I think it's exactly as we anticipated. Some of the payers understand genetic testing and CPT Code stacking and so we know one payer has paid and Medicare has paid, so -- and we know that the reimbursement level that those payer have provided. Other payers put it into a better or deep analysis category and those analyses are going forward.

Okay. That's good and then lastly and I realize that you don't provide guidance, but as we start to think about 2012 topline growth rate, obviously it'll be a normalized growth rate. You won't have the distortion from FAMILION. How should we be -- I mean, should we be thinking and obviously there are a number of variables that will come into play, but base case, I mean, is this -- do you see your topline growing 10%, 20%? How should we be thinking of it in general terms for a growth rate next year?

Of course, Matt, I'd like to 87% every quarter. We're going through that exercise, actually, in a couple of weeks to start building the plan for next year, but we kind of look at -- if we take our current run rate, which we believe we can at least keep static.
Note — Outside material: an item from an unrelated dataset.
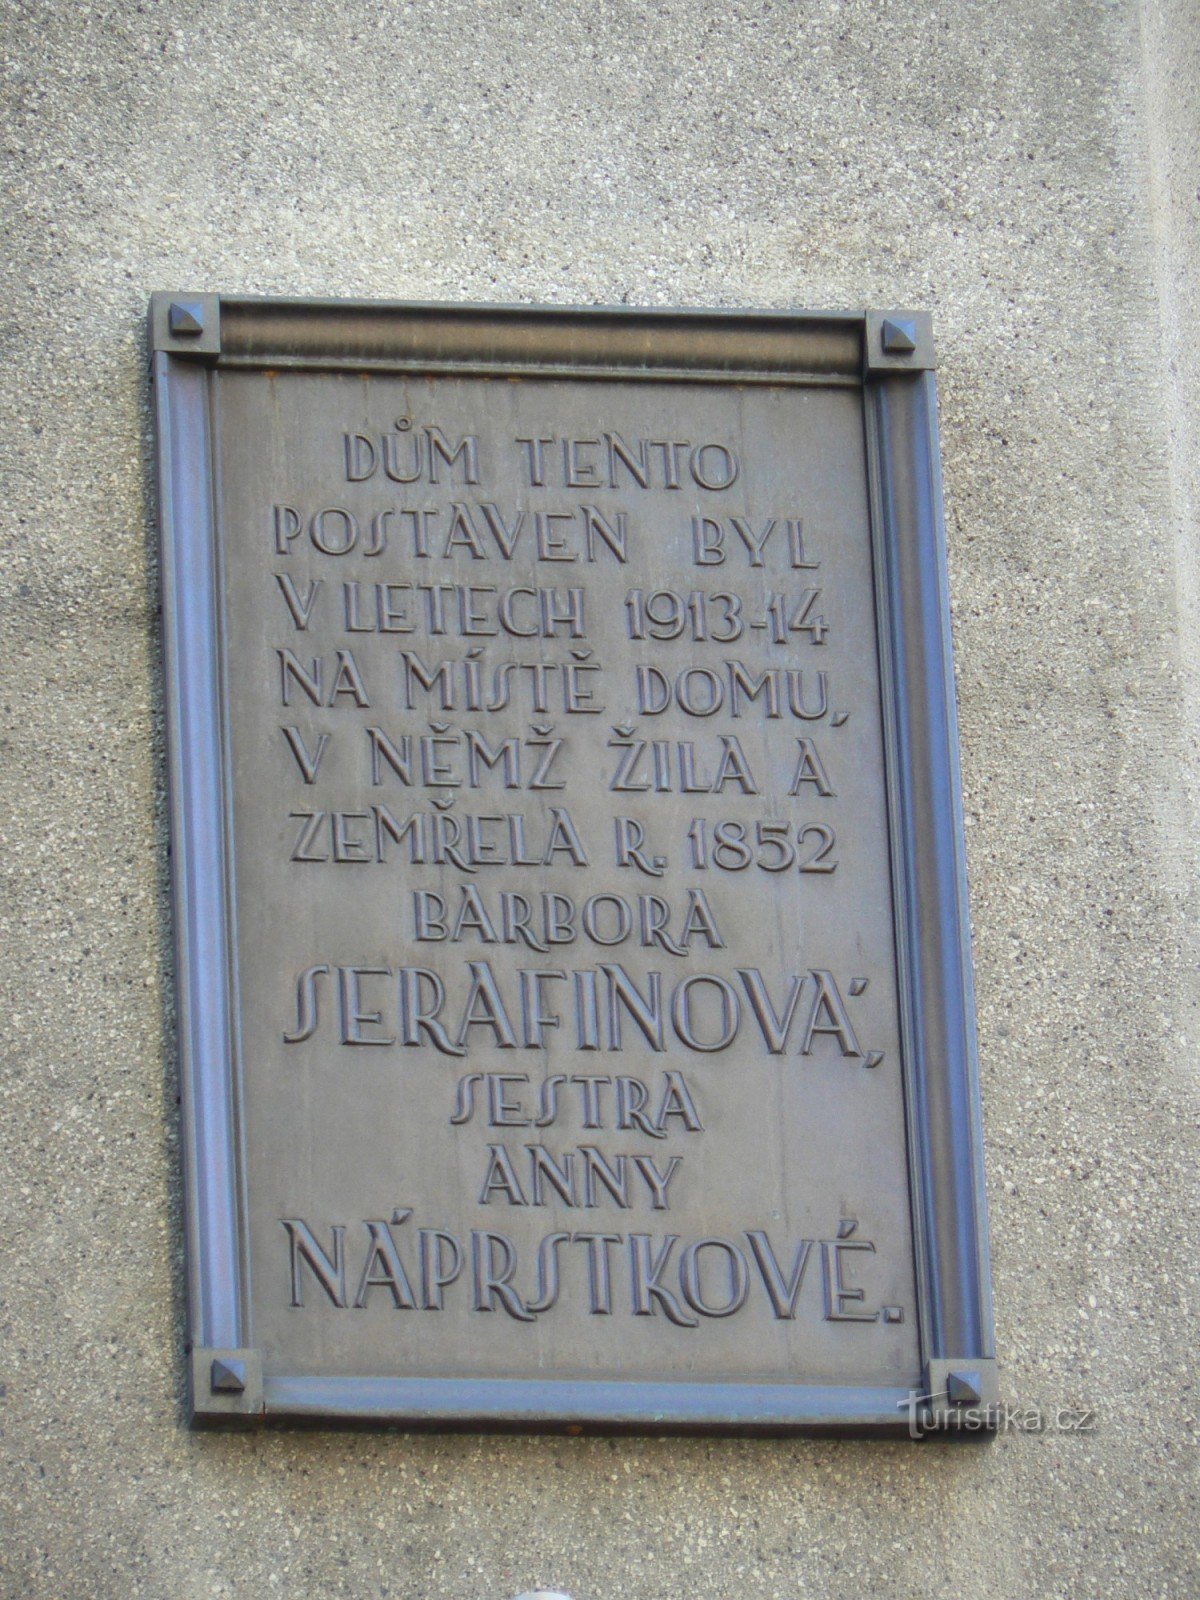 Placa comemorativa de Barbora Serafinová

But our plan is to grow the FAMILION business, to continue growing our neurology business and then some of these individual opportunities that should grows substantially.

Our HCM test and the Plavix test next year, coupled with Menarini, I don't know if it's a $2.0 million or $3.0 million or $5.0 million opportunity in 2012, but we certainly know that that's going to grow and we think grow dynamically. We're looking at other assays to load into that and that WAVE MCE platform as well and some that have substantial growth opportunities. So we'll build that model relatively soon, but clearly we believe that there's good growth opportunities for next year.
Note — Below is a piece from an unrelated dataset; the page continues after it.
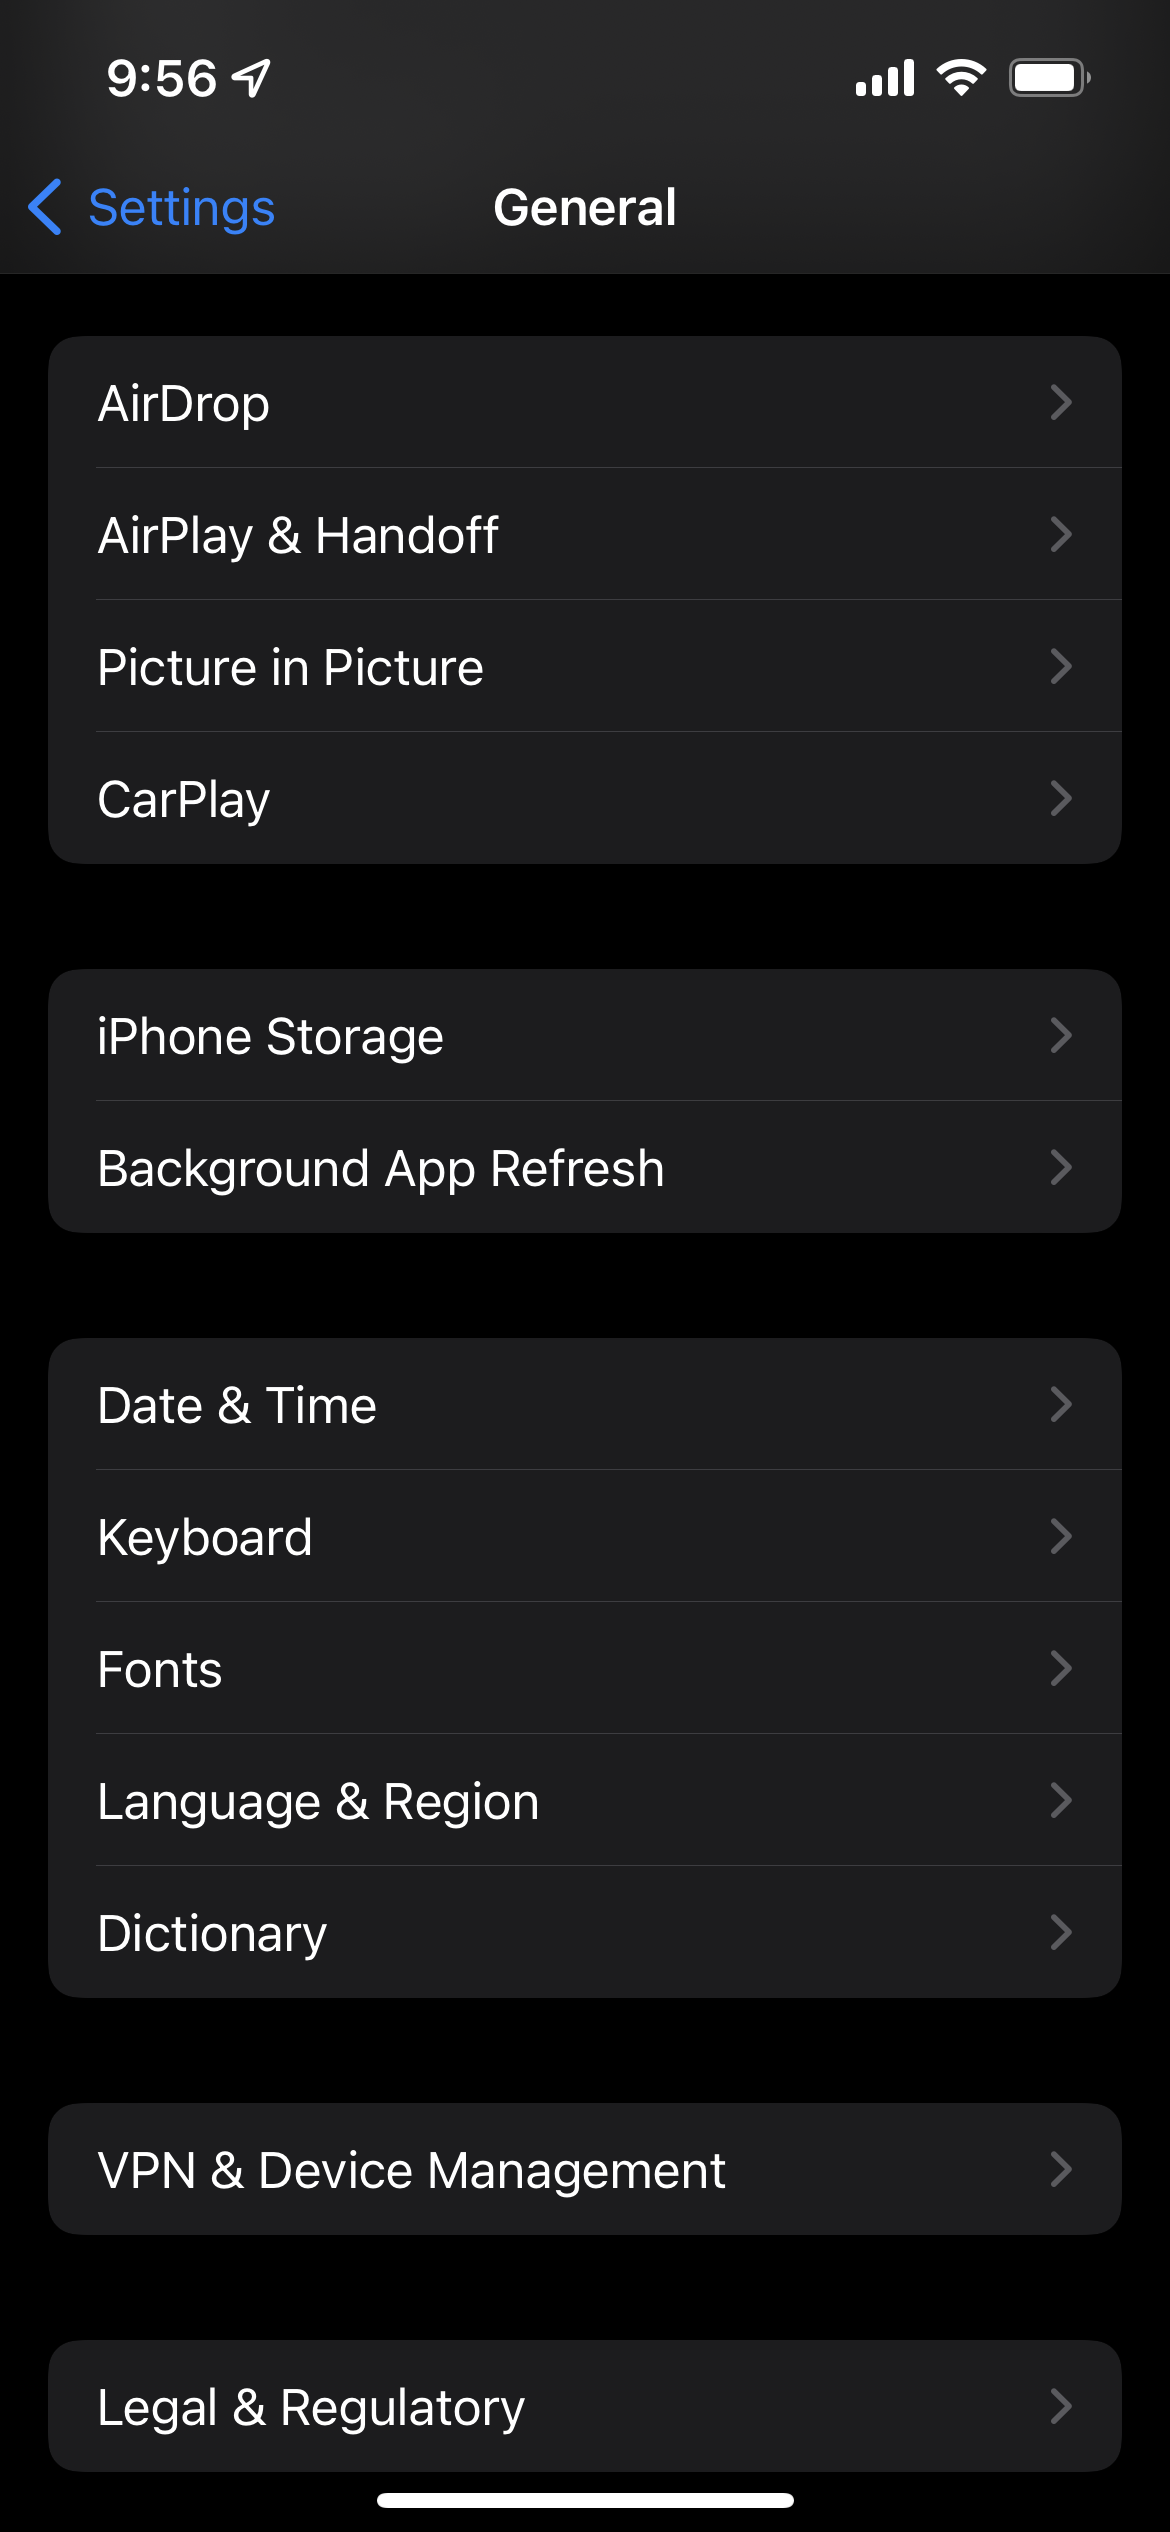 General options in the iOS 15 Settings app

ICE COLD-PCR kits, pharma, we already know we have some clinical trials that are much bigger than we've done to date, so we expect that business to continue growing.

So, again, across all the areas of the business we see growth and again, if we can provide guidance we will certainly do so.

Alright. That's helpful. Thank you.

Pleasure.

And it looks like we have no further questions.

Great. Thanks, Blake. Well, with that, I'd like to thank you all for participating on the call, for the great questions that you asked and I look forward to speaking to you again next quarter. Thanks.